* **Work item**
Below is a listing; write it out exactly and drop any images from it.

* **Data segment**
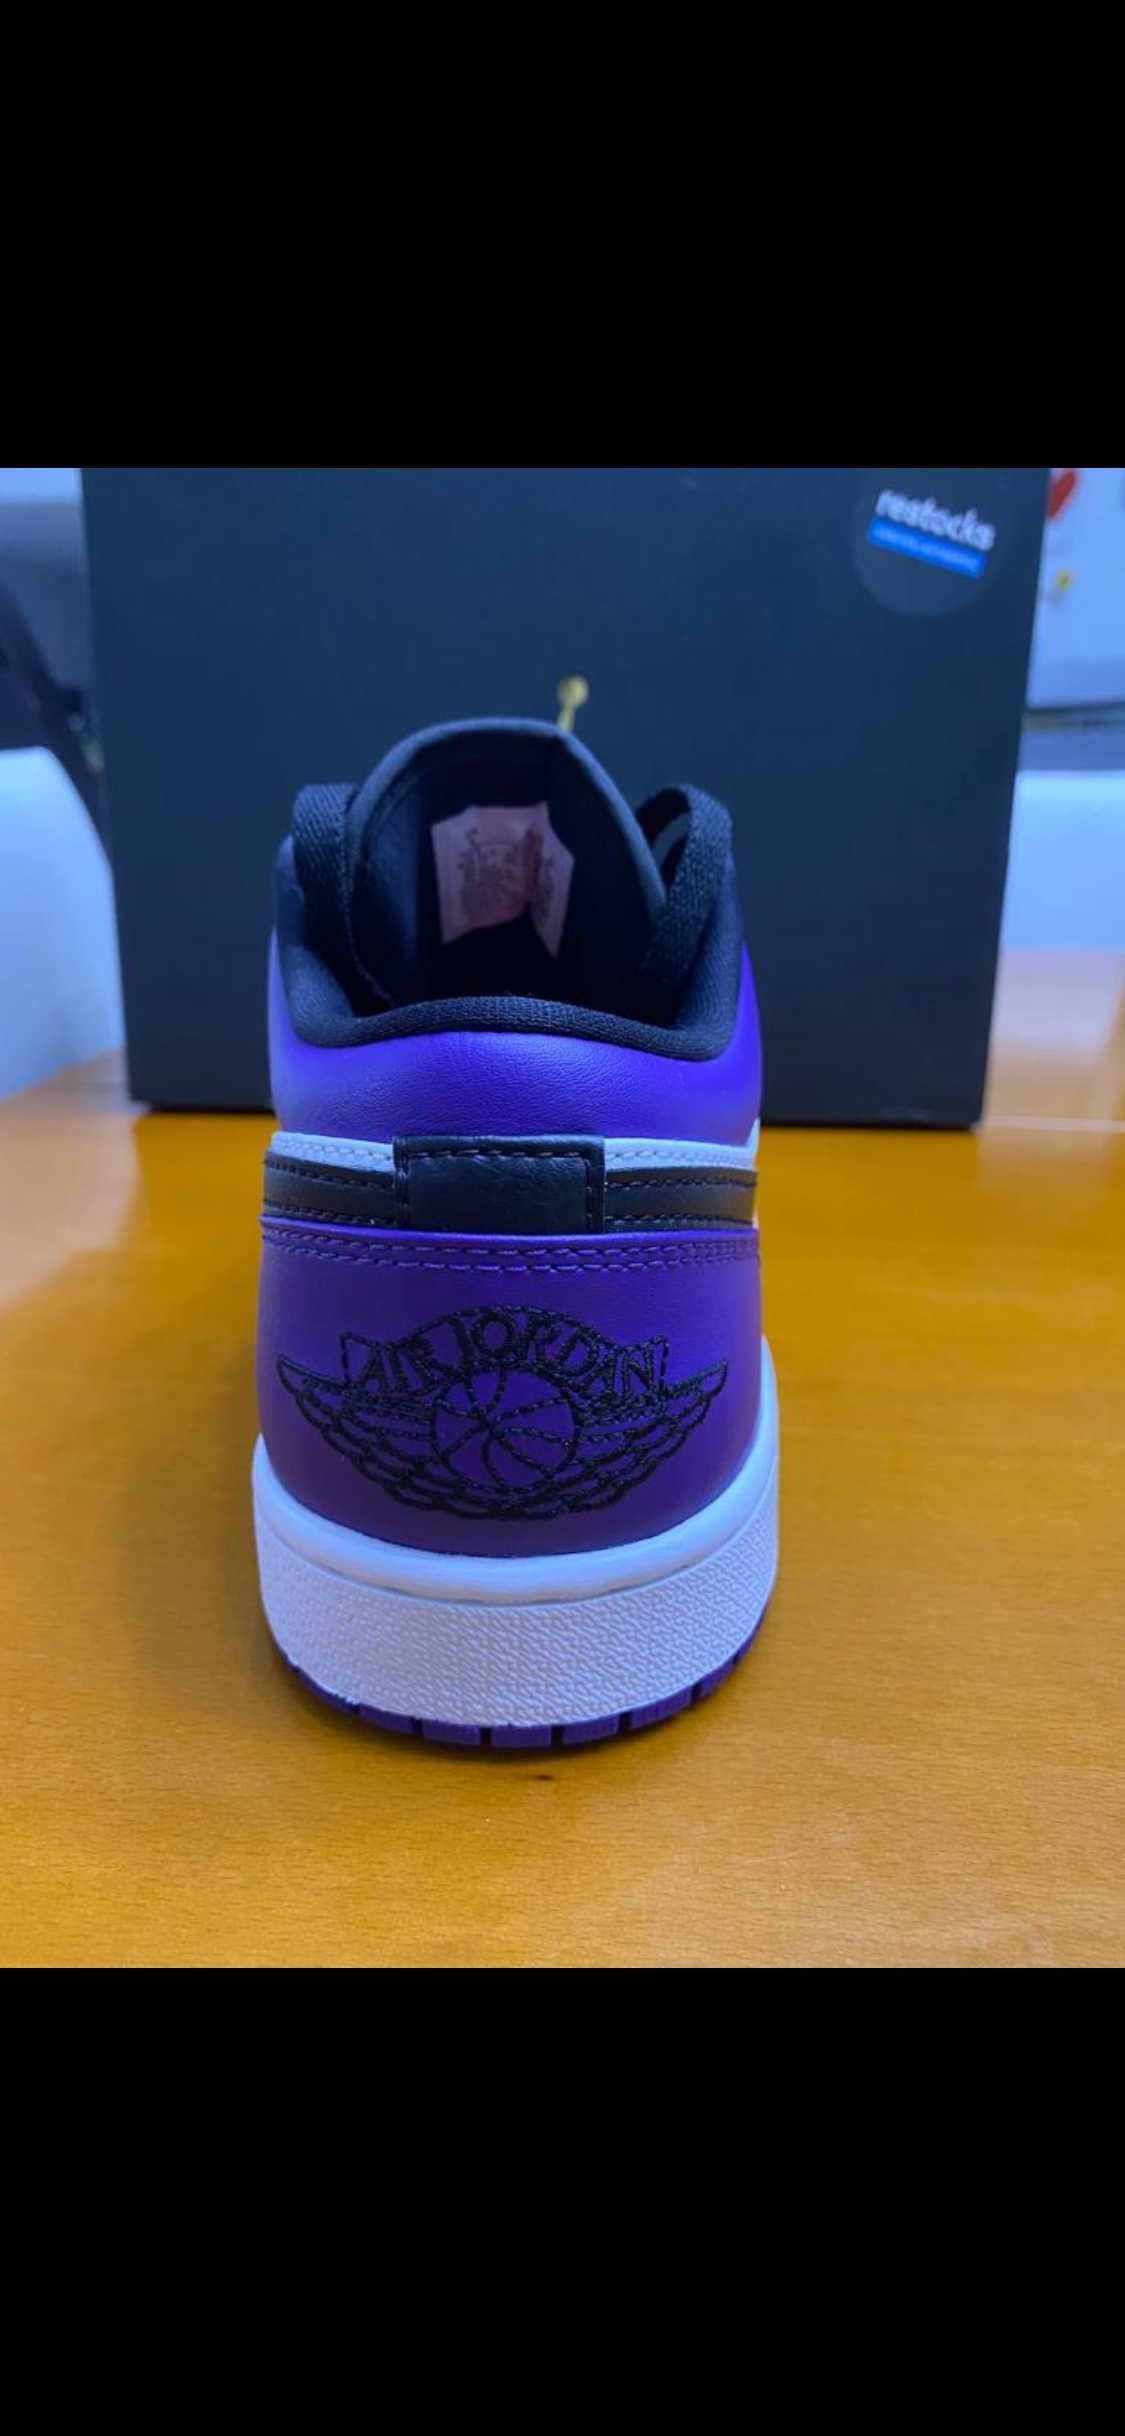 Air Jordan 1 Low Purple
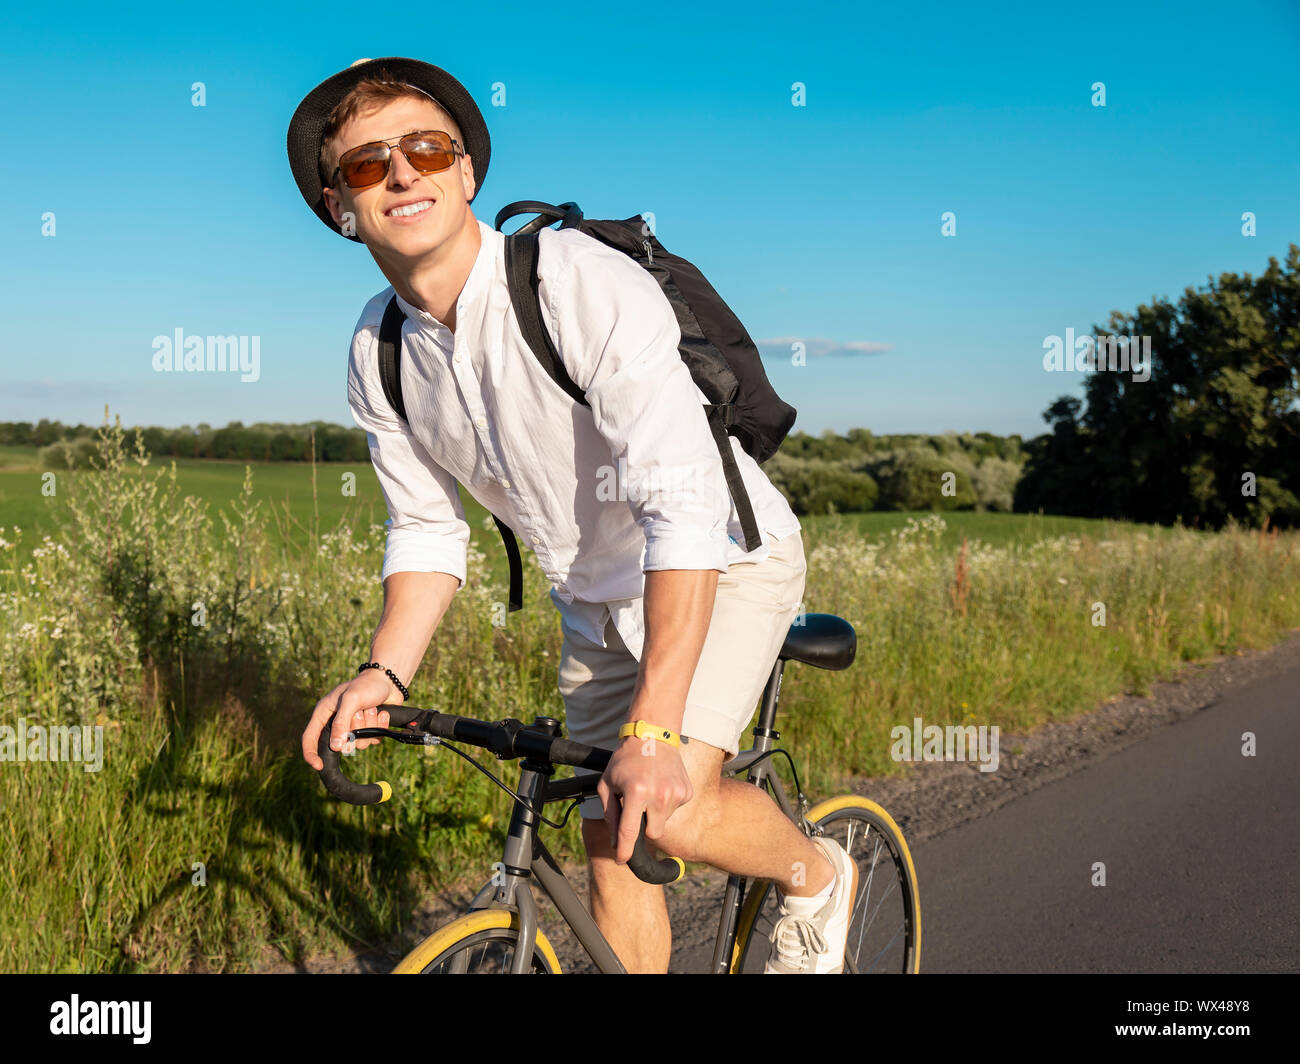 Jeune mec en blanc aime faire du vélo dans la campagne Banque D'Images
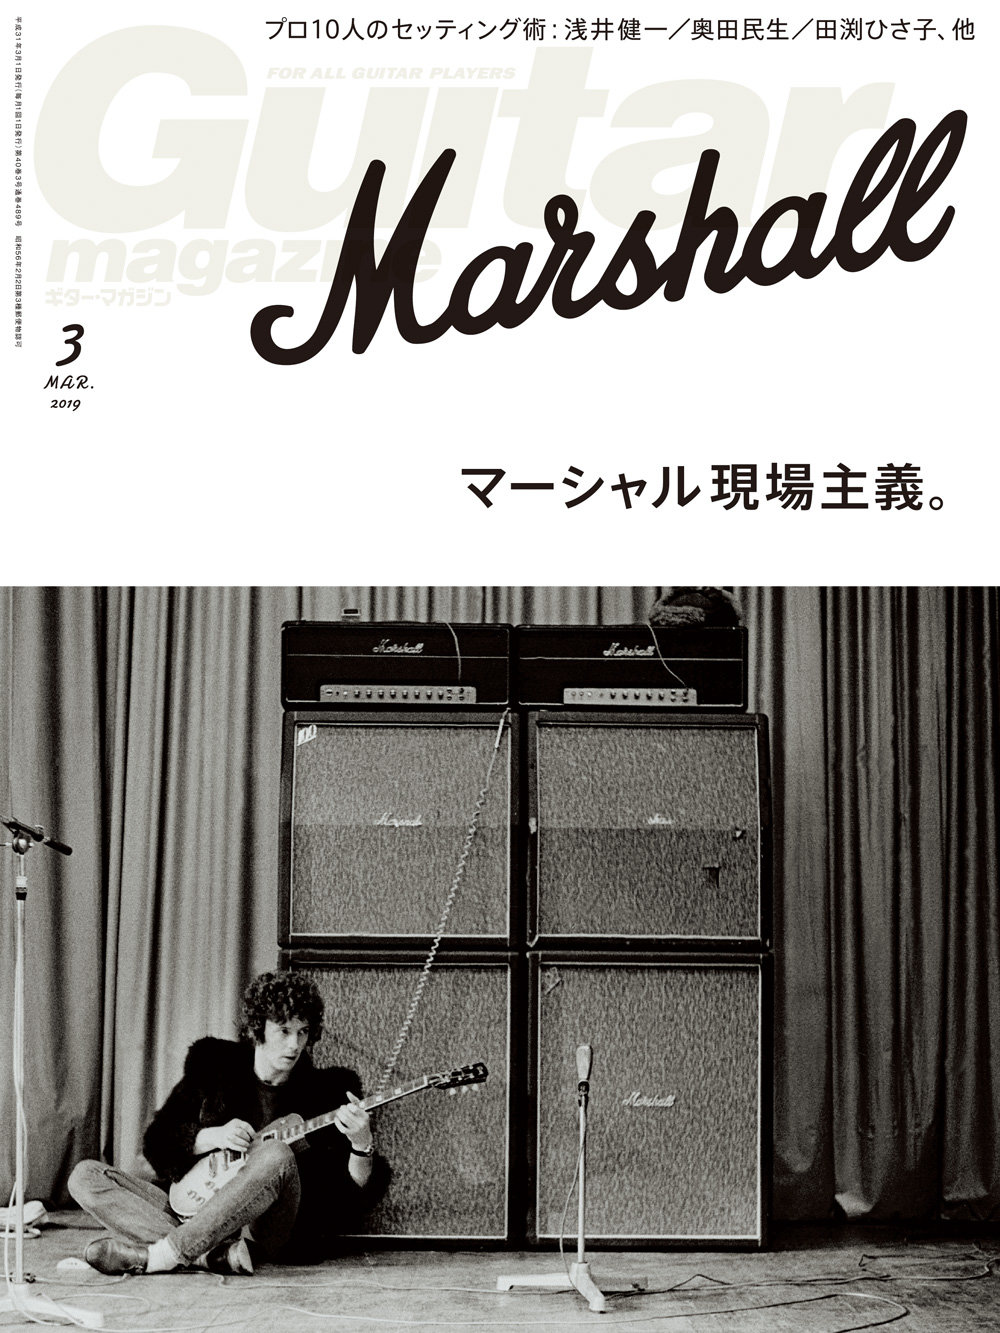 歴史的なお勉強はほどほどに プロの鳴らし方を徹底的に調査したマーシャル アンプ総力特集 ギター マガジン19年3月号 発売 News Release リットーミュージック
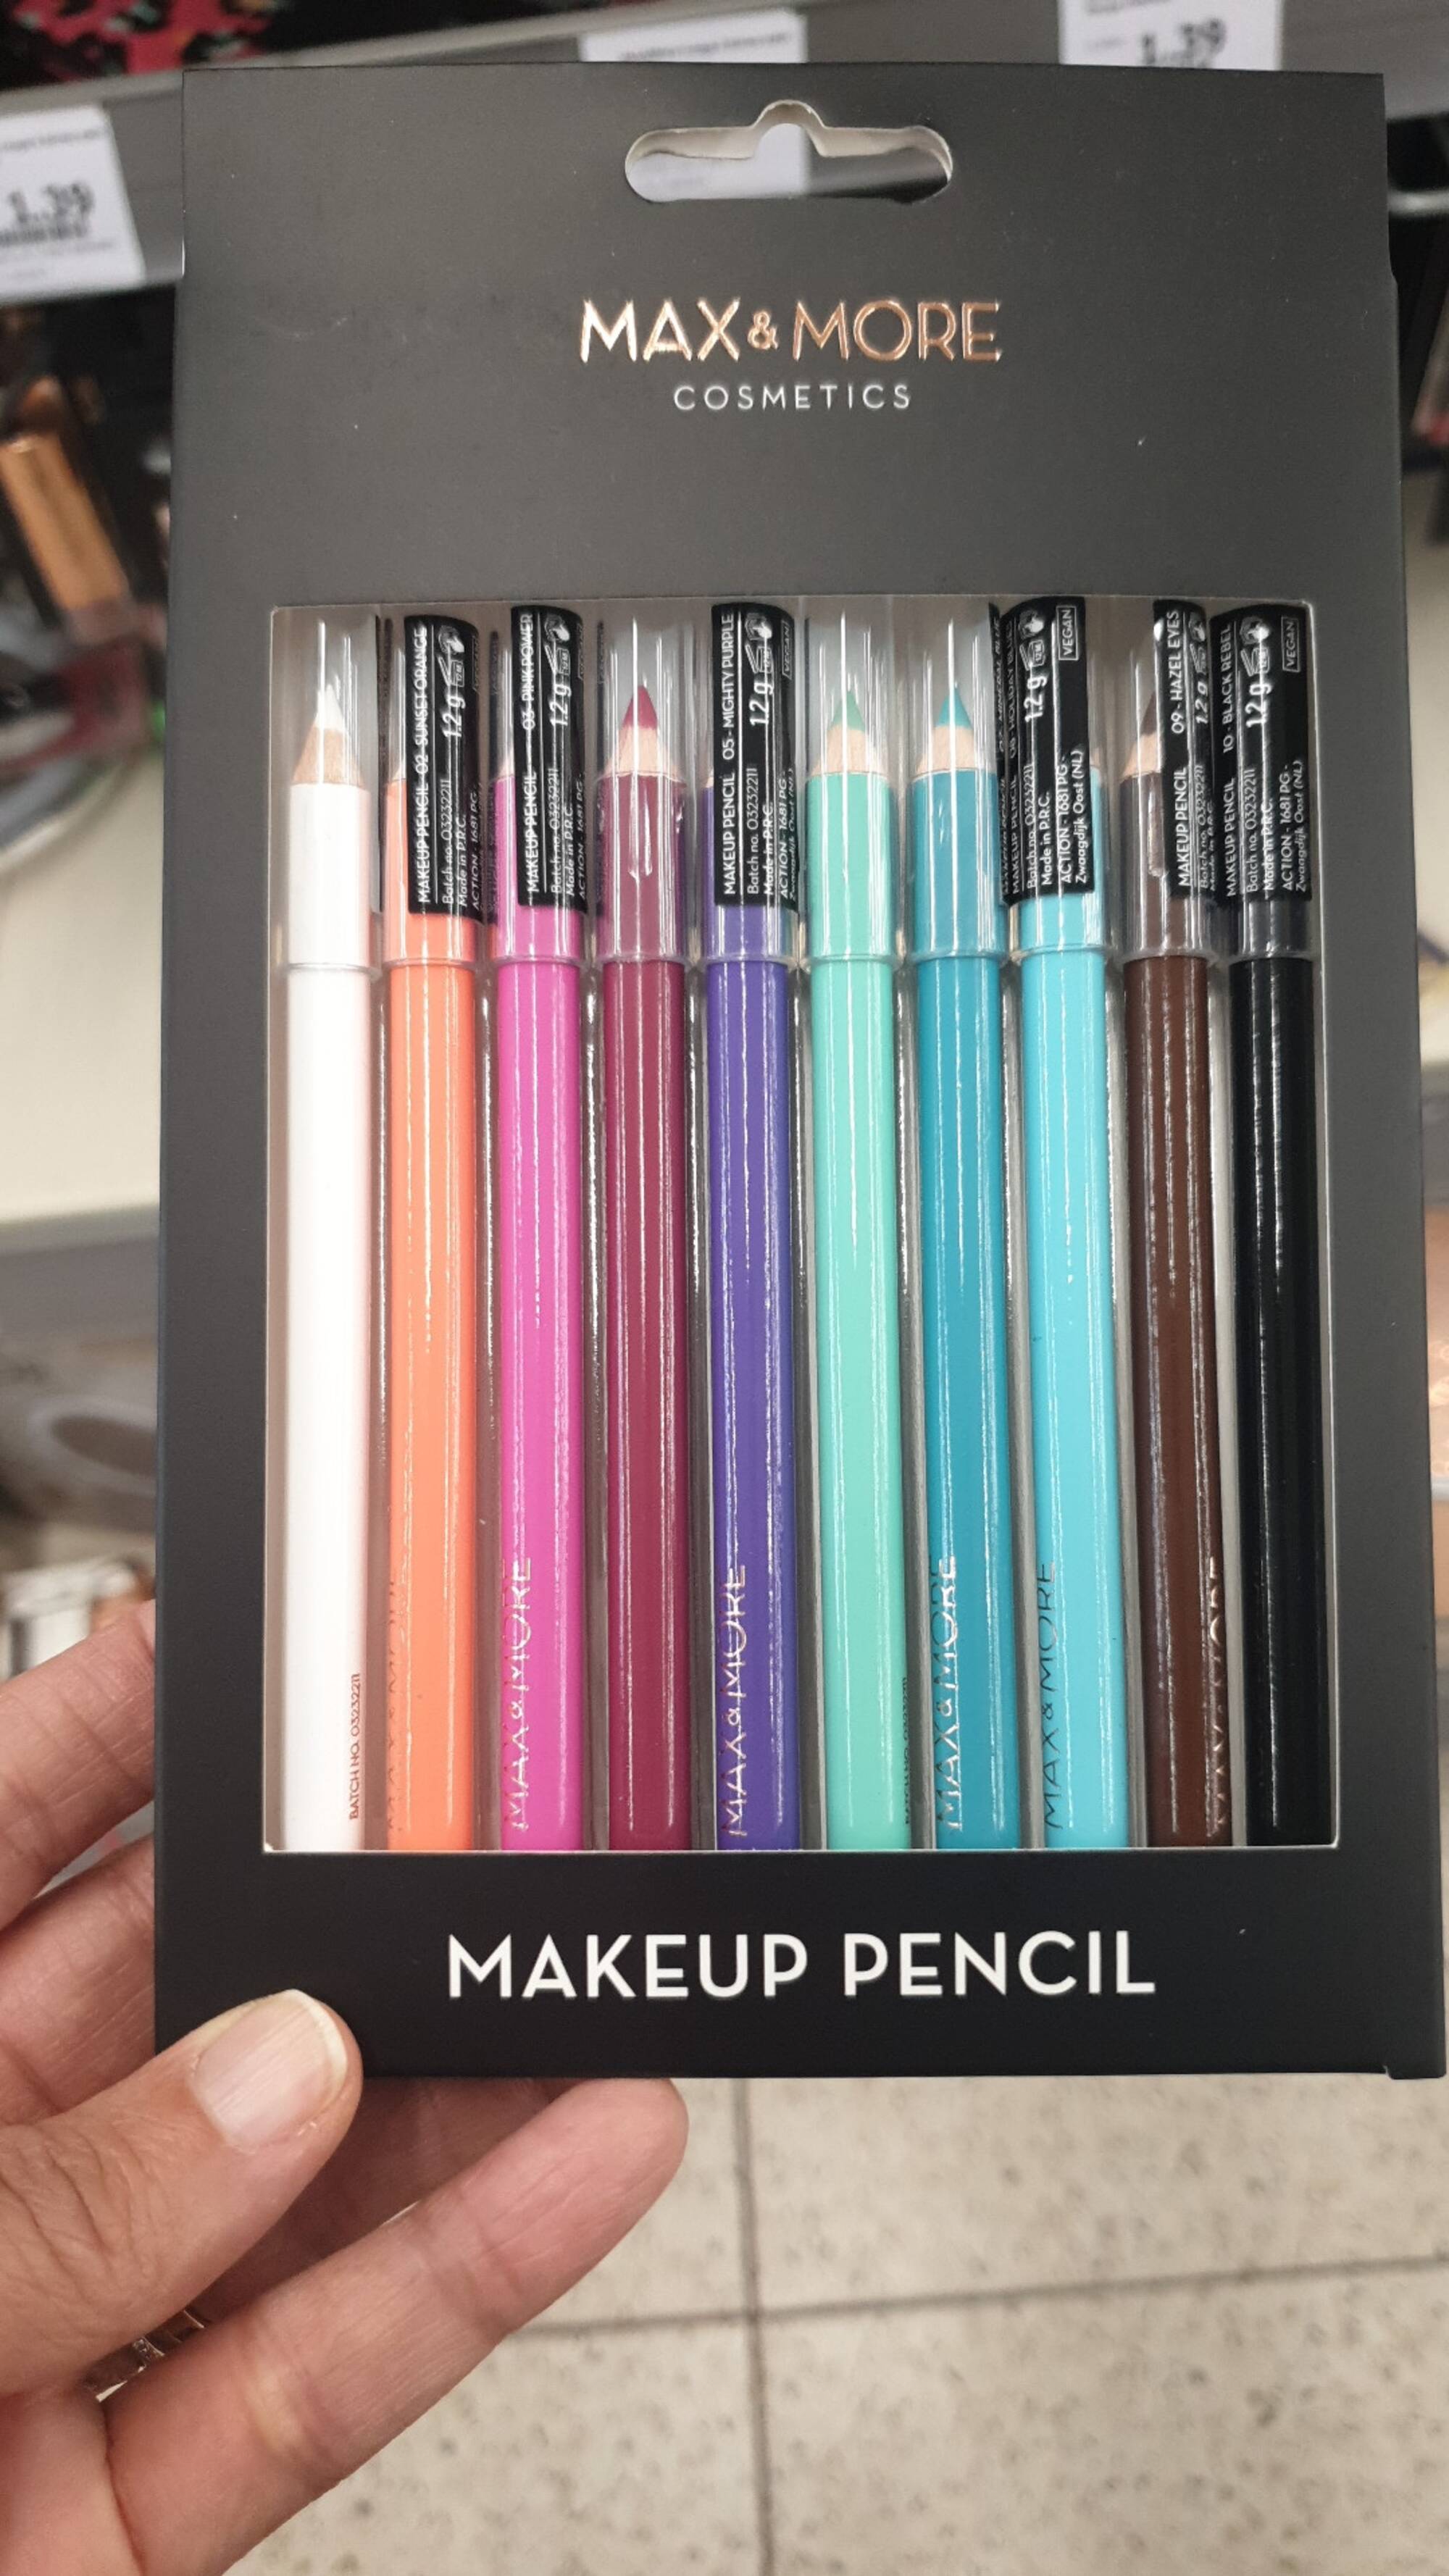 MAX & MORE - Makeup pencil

* **Task answer**
 Air Jordan 1 Low Purple
 Jeune mec en blanc aime faire du vélo dans la campagne Banque D'Images
 歴史的なお勉強はほどほどに プロの鳴らし方を徹底的に調査したマーシャル アンプ総力特集 ギター マガジン19年3月号 発売 News Release リットーミュージック
 MAX & MORE - Makeup pencil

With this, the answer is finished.